The firm said it would "find a better way" to help employees discuss the issues raised by the memo.
Mr Damore was fired for breaking Google's code of conduct.
He had suggested in his internal note that there were fewer women in tech and leadership positions because of biological differences.
According to Google's most recent diversity figures, 80% of its tech workforce and 75% of its leaders are men.
"We need to stop assuming that gender gaps imply sexism," Mr Damore wrote in his note, which was widely criticised.
Mr Damore said he had been sent messages of support from some staff at the tech giant and he also received a job offer from Wikileaks founder Julian Assange, who tweeted "censorship is for losers".
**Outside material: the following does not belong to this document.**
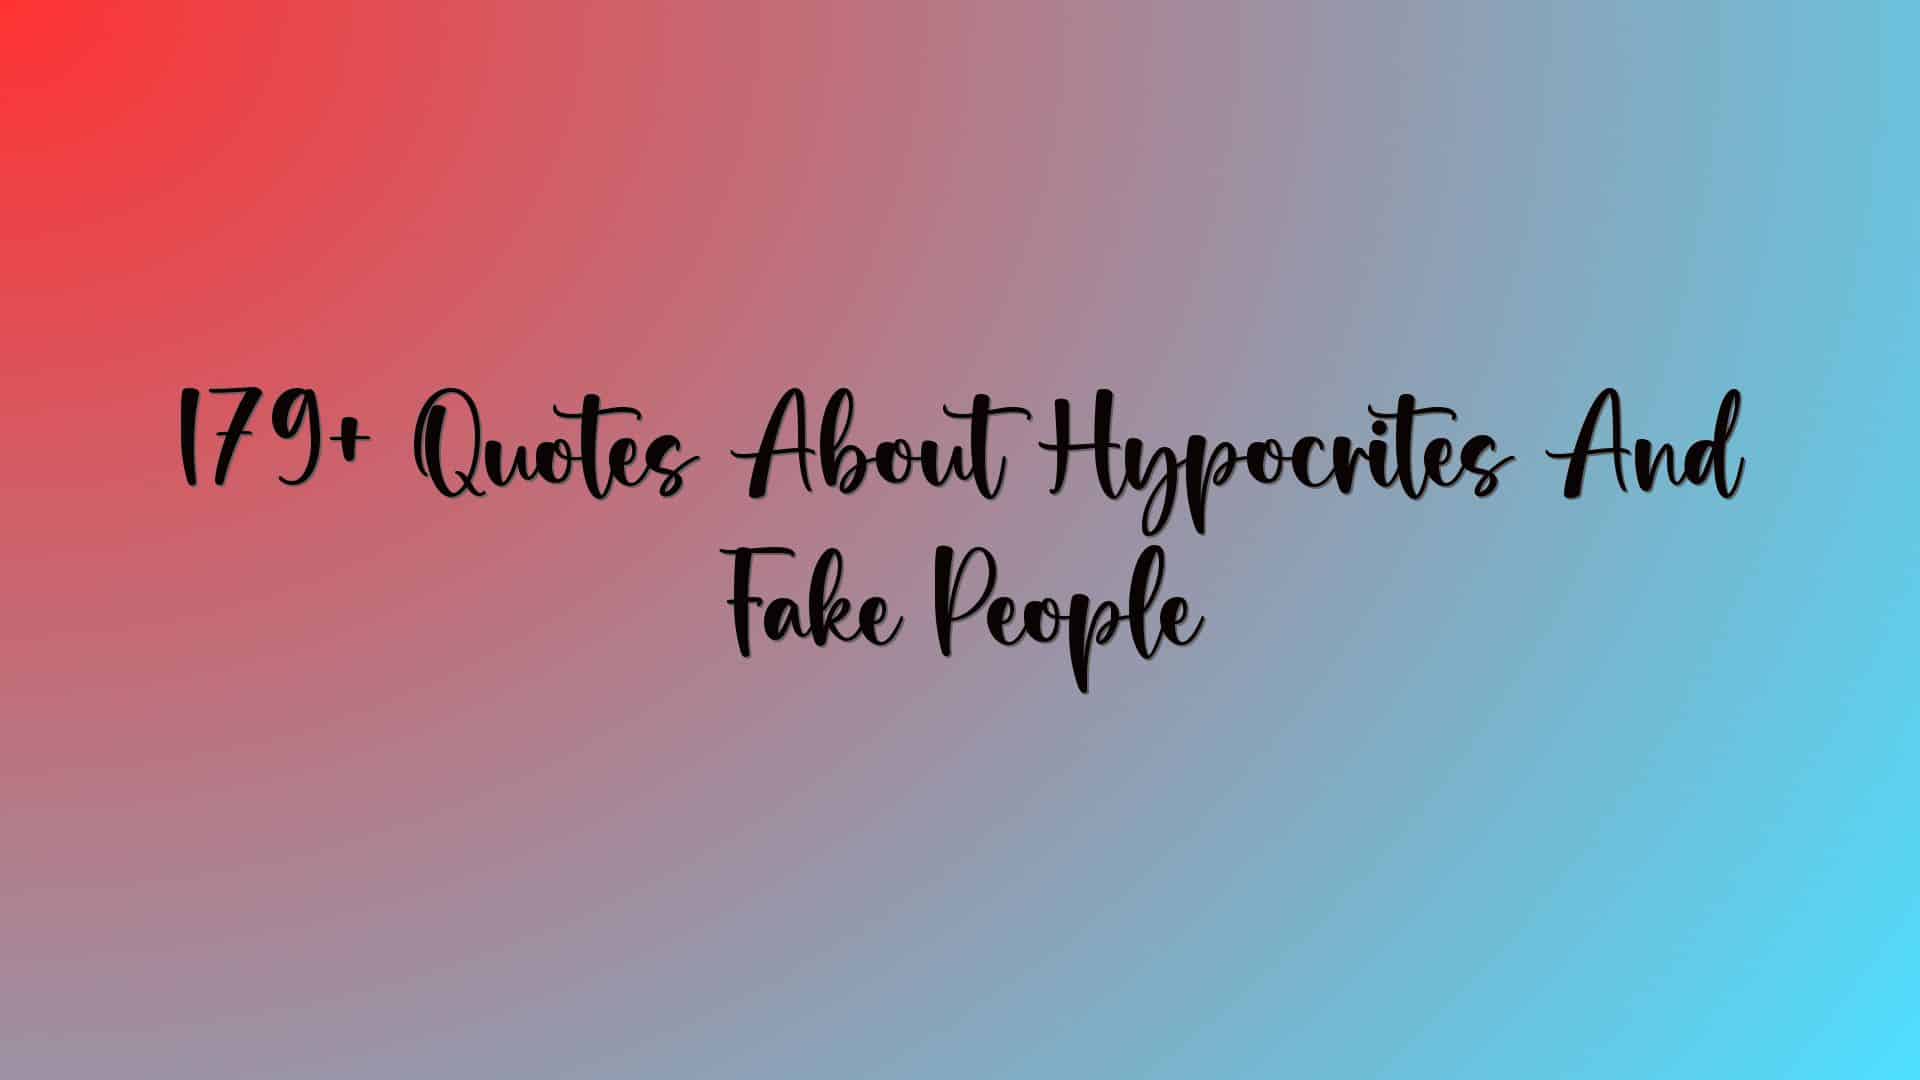 179+ Quotes About Hypocrites And Fake People

Google's new vice-president Danielle Brown said that Mr Damore's view "advanced incorrect assumptions about gender".
"We are unequivocal in our belief that diversity and inclusion are critical to our success as a company, and we'll continue to stand for that and be committed to it for the long haul," she wrote in a statement published by Motherboard.
The ongoing lack of diversity in the entire tech sector is an issue that has grown an even bigger head of steam in recent months, with a steady stream of stories about big firms and big names being held to account.
Women who work in the industry are increasingly choosing to speak out about their experiences in this male-dominated domain, and to challenge the statistics which demonstrate that they remain a minority, despite high-profile campaigns and initiatives aimed at redressing the balance.
James Damore's suggestion that it is because they are biologically less suited to it has caused considerable anger, particularly among those who have forged successful Stem (science, technology, engineering and maths) careers.
Google has been very clear that Mr Damore did not speak on its behalf but it has also faced criticism for firing him, with critics suggesting that the action went against the firm's principle of free speech.